Autrement dit : la qualité de garant ne transforme pas le promoteur en assureur universel des fautes de ses entreprises. Le maître de l'ouvrage qui invoque un désordre intermédiaire doit établir ce que le promoteur a personnellement mal fait — un choix d'entreprise défaillant, un défaut de contrôle, une acceptation de procédés non conformes.

À retenir pour les professionnels du BTP
Le promoteur répond automatiquement des garanties légales. Pour tout le reste, il faut prouver qu'il a lui-même commis une faute.
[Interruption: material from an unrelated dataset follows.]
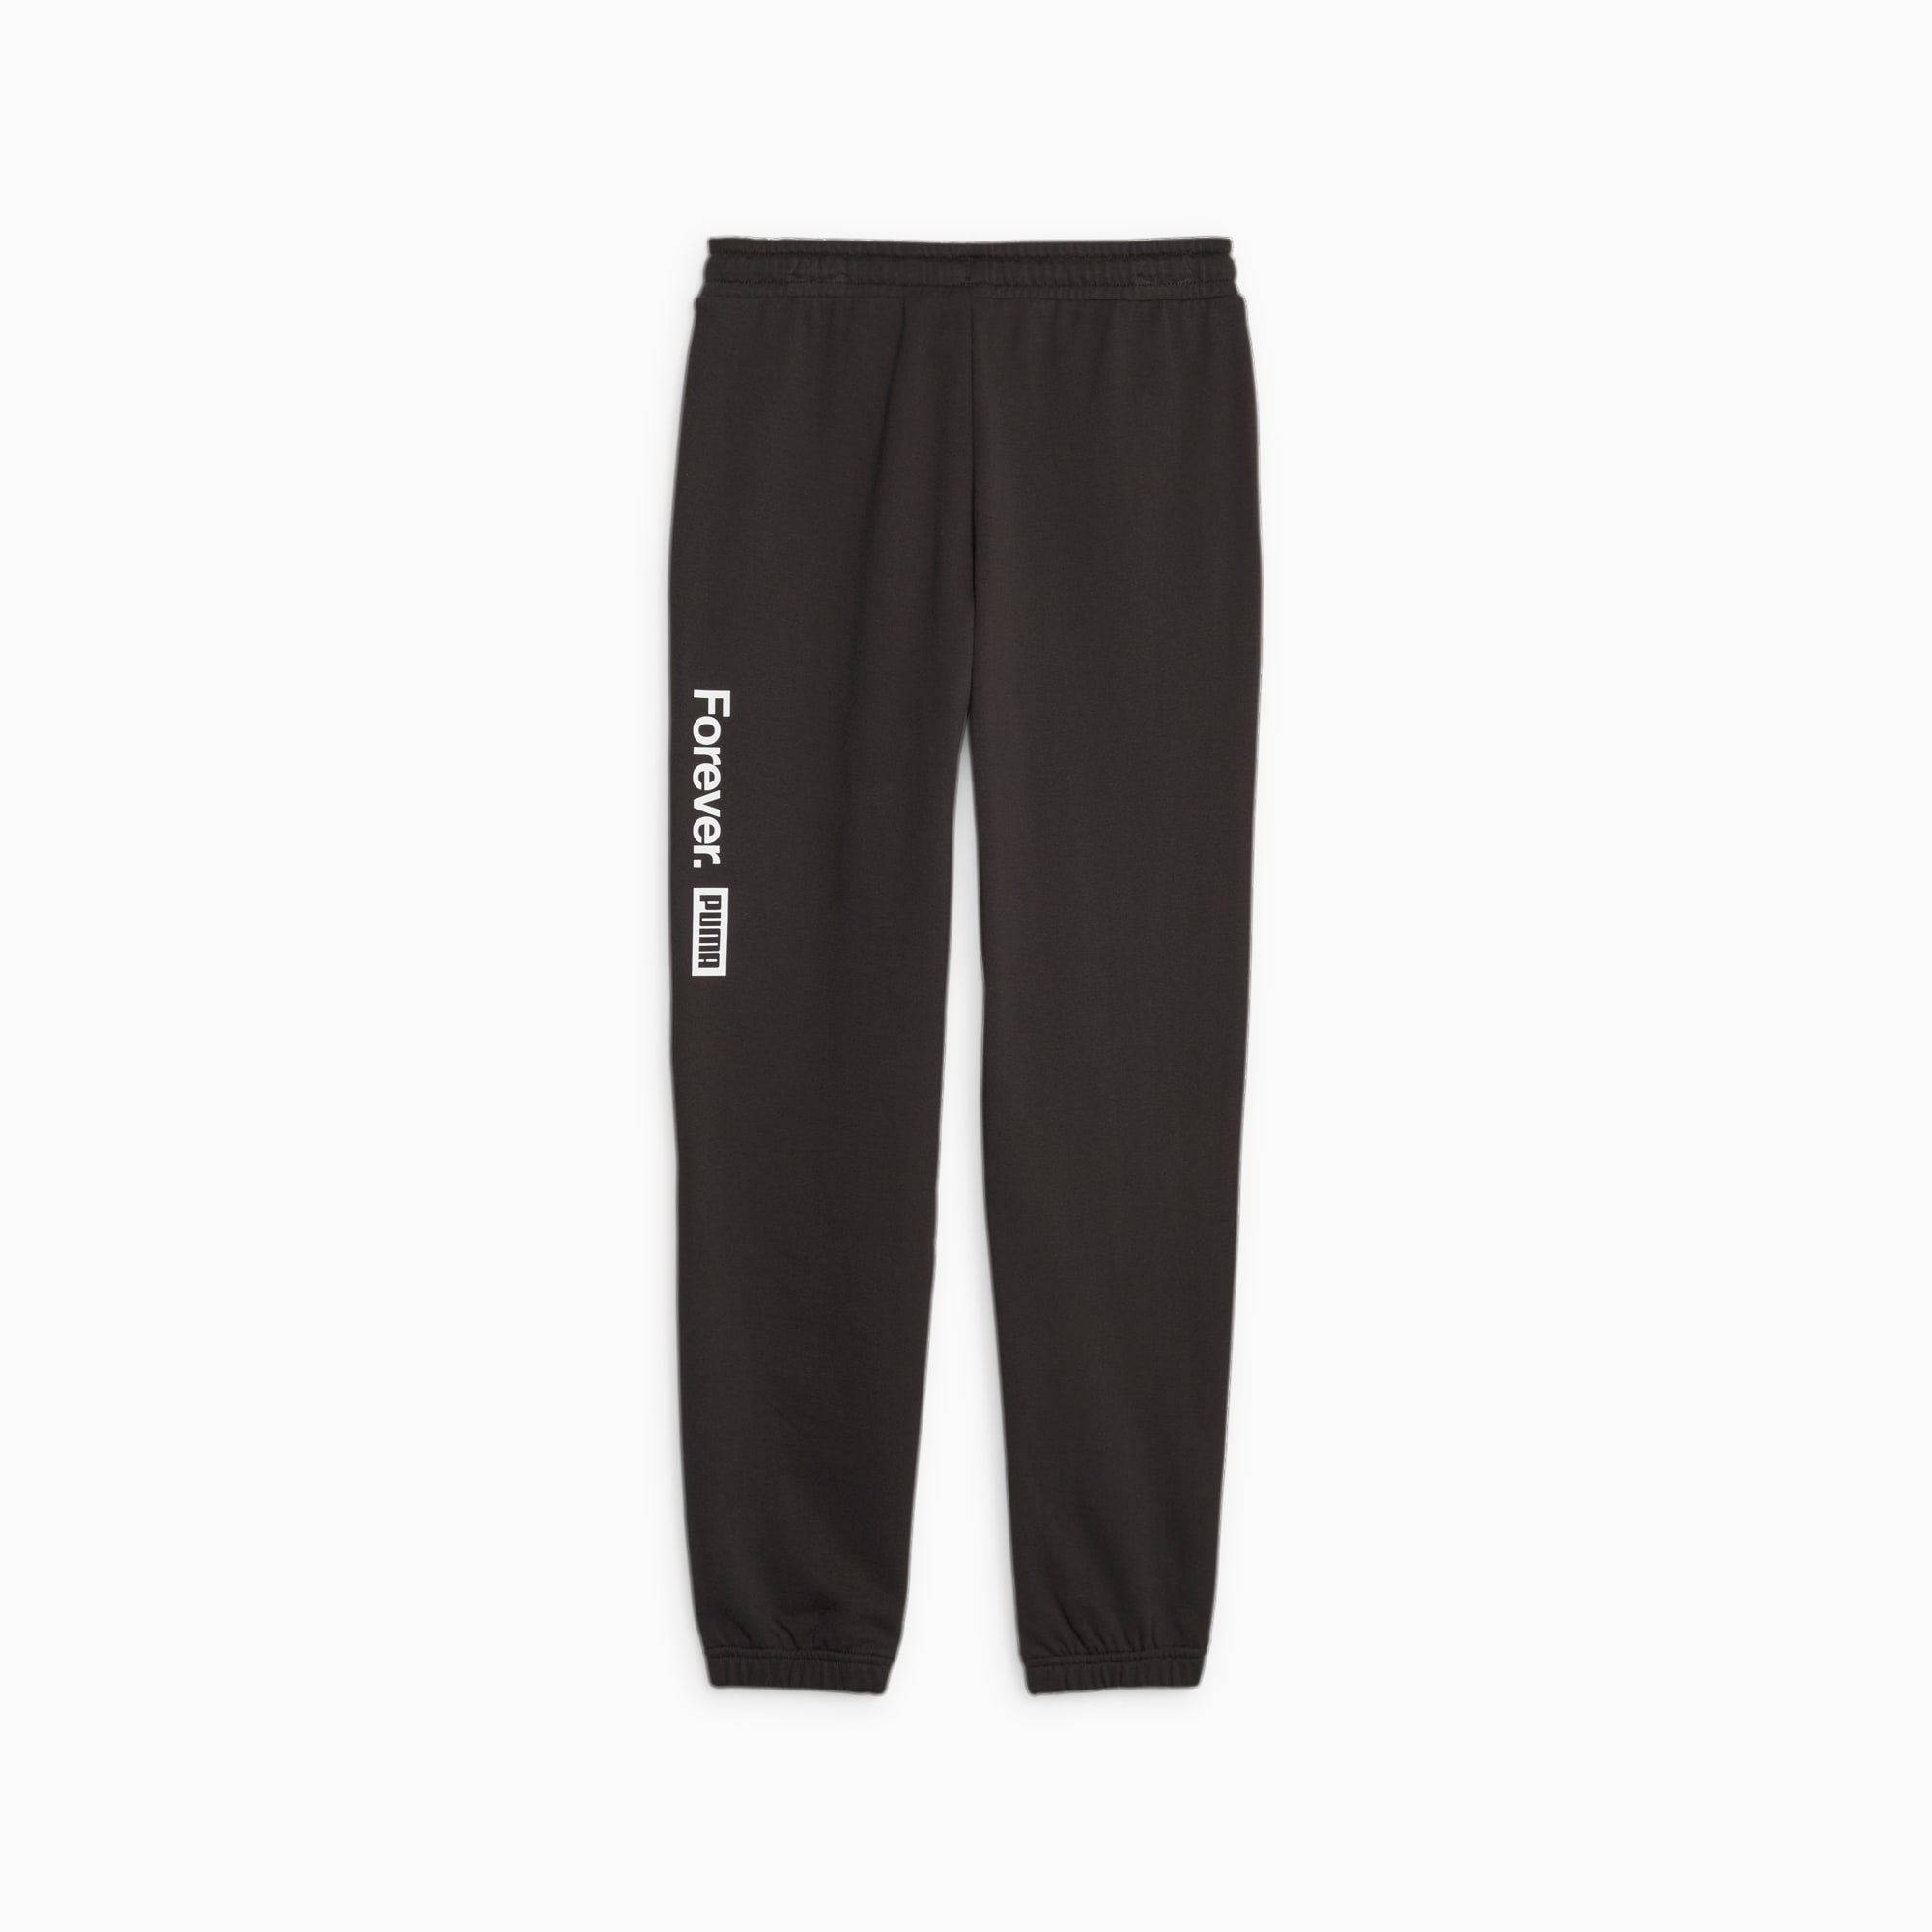 Pantalon jogging noir - Collection Loisirs & Lifestyle - Modèle Brand

Le vrai levier : votre contrat de promotion

Le maître de l'ouvrage obtient pourtant la cassation. Pourquoi ? Parce qu'il invoquait l'article 13 de son contrat de promotion, aux termes duquel le promoteur était responsable « de la réalisation des études d'exécution et de la construction de l'immeuble » ainsi que « du choix des sous-traitants, des personnels, des matériaux, des équipements, des techniques, des procédures d'exécution et de la conformité des ouvrages réalisés aux documents contractuels, aux réglementations applicables et aux normes en vigueur ». La cour d'appel n'a pas répondu à ce moyen : elle a violé l'article 455 du code de procédure civile.

L'enseignement est décisif. Le régime légal fixe un plancher, pas un plafond. Rien n'interdit aux parties de stipuler une responsabilité contractuelle renforcée, voire de plein droit, du promoteur sur la conformité des ouvrages. Lorsqu'une telle clause existe, le juge doit l'appliquer — et le débat sur la faute personnelle devient sans objet. La responsabilité du promoteur pour désordres intermédiaires se gagne donc en amont, à la table de négociation, bien plus qu'à l'audience.
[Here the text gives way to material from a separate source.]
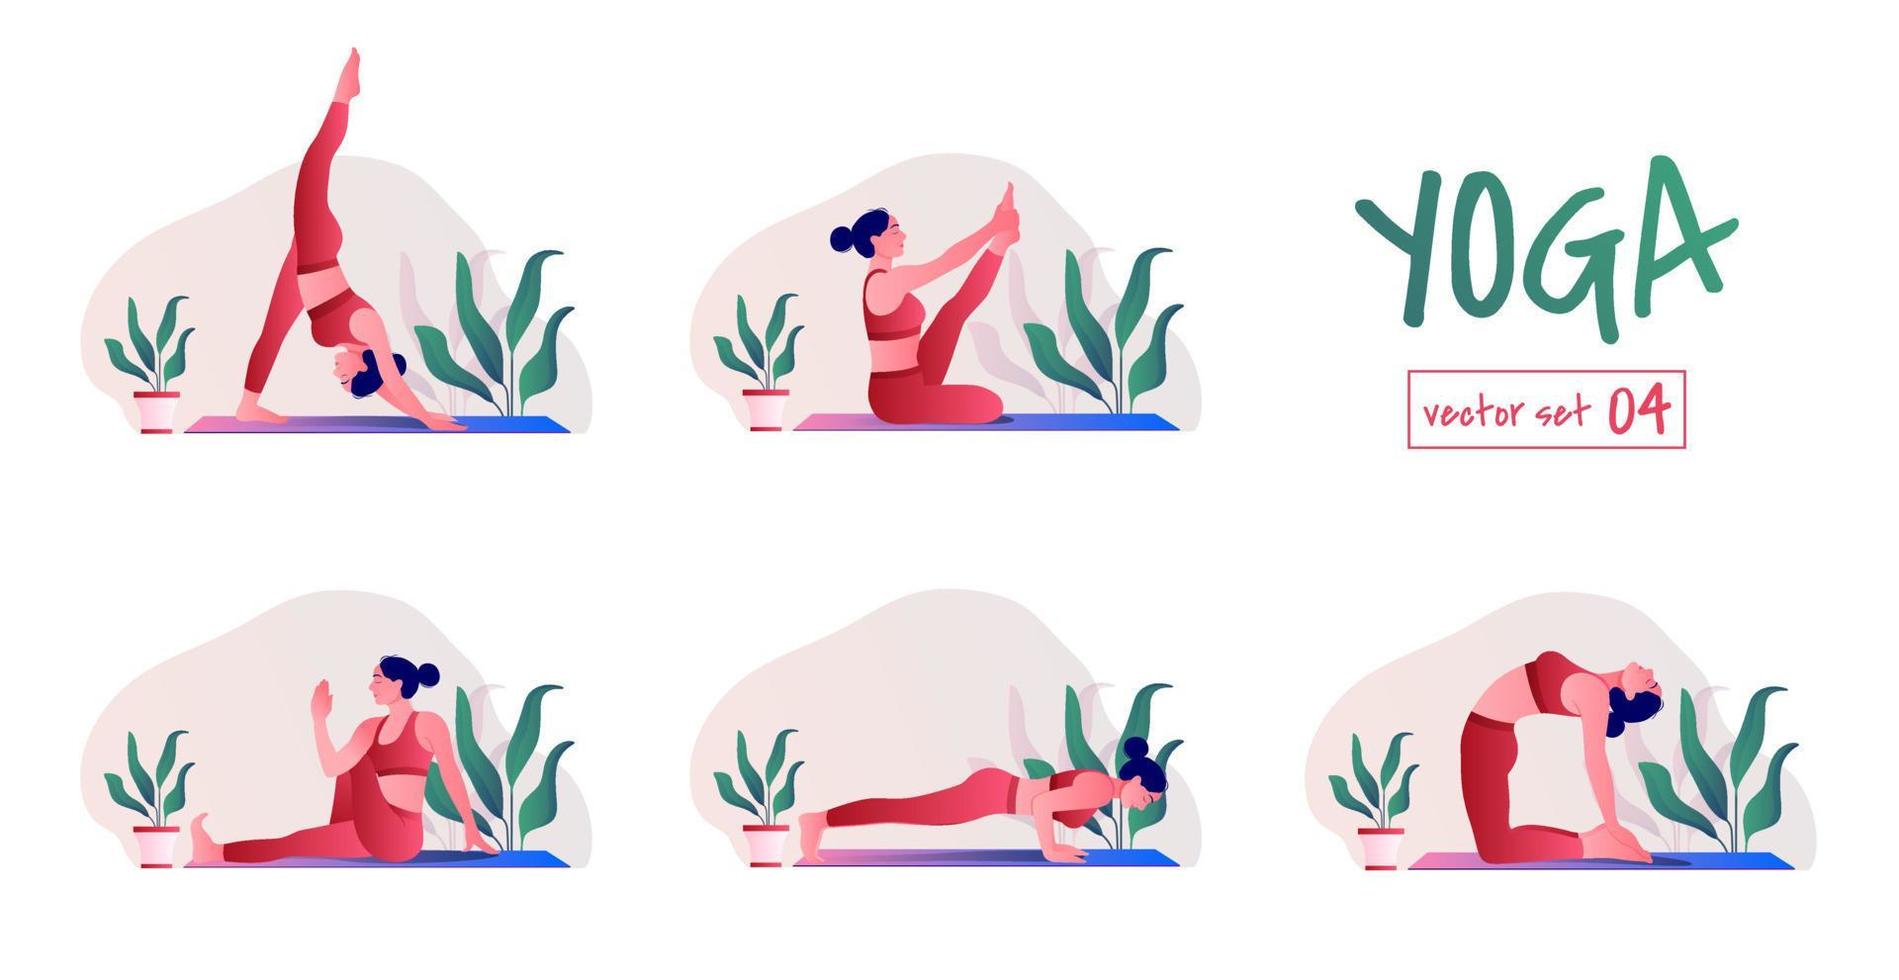 conjunto de ejercicios de yoga. mujer joven practicando posturas de yoga. mujer entrenamiento fitness, aeróbicos y ejercicios. vector

Second apport : pas de retenue de garantie dans le CPI

L'arrêt règle un autre point souvent mal maîtrisé. La cour d'appel avait fait courir les intérêts sur le solde dû au promoteur en appliquant le mécanisme de la retenue de garantie de 5 % prévu par la loi n° 71-584 du 16 juillet 1971. La Cour censure : ce texte vise les marchés de travaux privés au sens de l'article 1779, 3°, du code civil, et

« le promoteur immobilier qui ne s'engage pas à exécuter lui-même une partie du programme n'est pas un locateur d'ouvrage et d'industrie au sens de l'article 1779, 3°, du code civil ».
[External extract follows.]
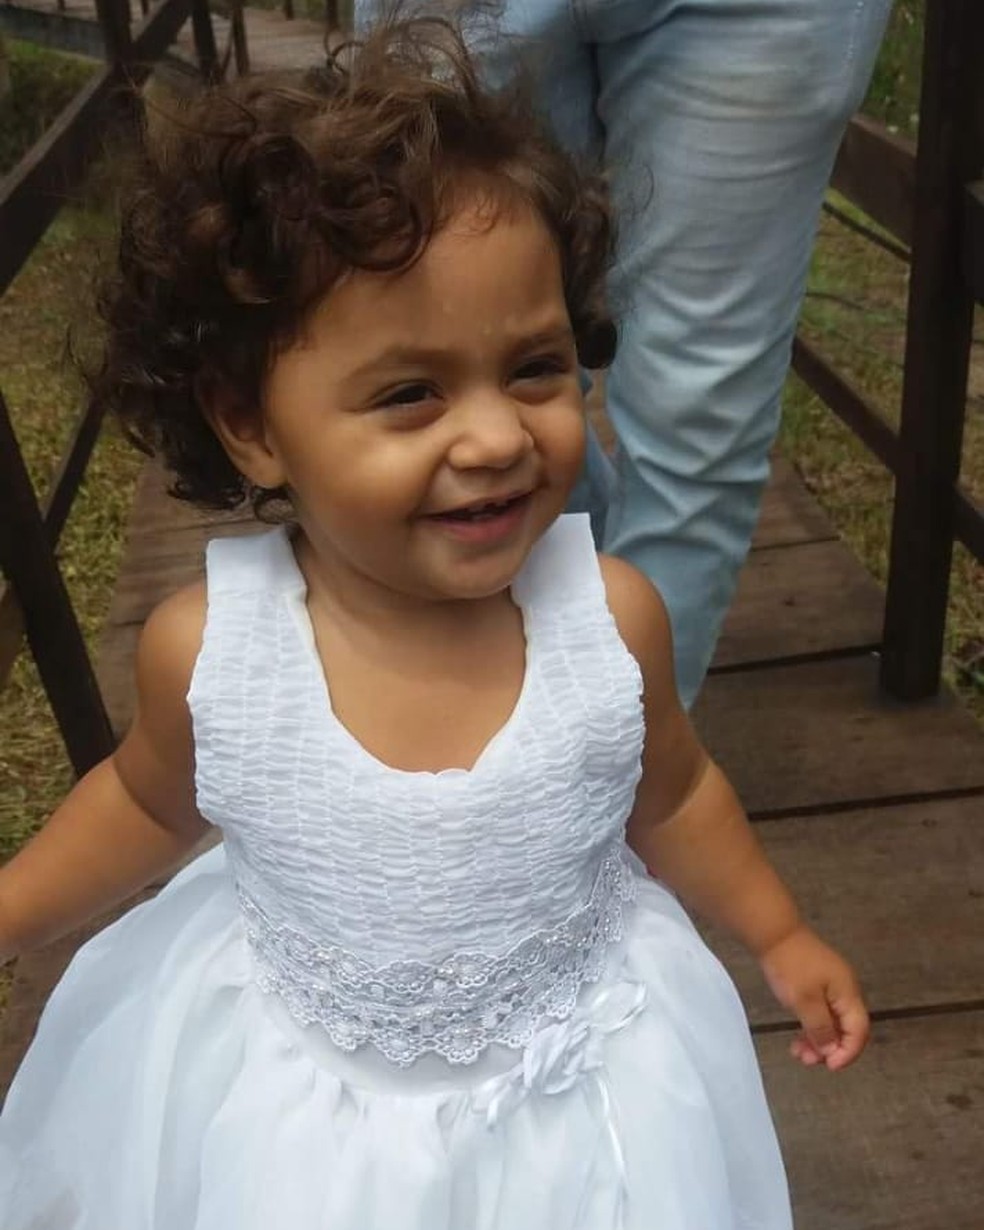 Morre menina de 2 anos atingida com tiro no aniversário

Concrètement : un maître d'ouvrage ne peut pas amputer d'office la rémunération de son promoteur d'une retenue de 5 %. S'il veut une sûreté équivalente, il doit la stipuler.

En pratique
La retenue de garantie de 5 % ne s'applique pas au contrat de promotion immobilière. Si vous la voulez, écrivez-la dans le contrat.

Ce qu'il faut faire

  • À la signature du CPI : faire stipuler expressément la responsabilité du promoteur sur le choix des intervenants, les procédés d'exécution et la conformité des ouvrages. C'est cette clause qui, seule, dispense de prouver sa faute.
  • En cas de désordre : ne pas se contenter d'assigner le promoteur. Attraire aussi les entreprises et leurs assureurs, dont la responsabilité contractuelle pour faute reste, elle, directement mobilisable.
  • Dans l'écriture judiciaire : formuler systématiquement des demandes subsidiaires. Dans cette affaire, le maître de l'ouvrage a perdu sur les volets roulants faute d'avoir présenté, à titre subsidiaire, une demande contractuelle contre le promoteur.
  • Sur le calendrier : l'action pour désordres intermédiaires se prescrit par dix ans à compter de la réception (article 1792-4-3 du code civil). Ce délai court, il ne se négocie pas.

C'est une jurisprudence que nous mobilisons régulièrement, chez DELCADE, pour les maîtres d'ouvrage et opérateurs implantés dans les Hauts-de-France comme ailleurs : sur un contrat de promotion immobilière, la responsabilité du promoteur pour désordres intermédiaires ne se plaide utilement que si le contrat a été rédigé pour cela.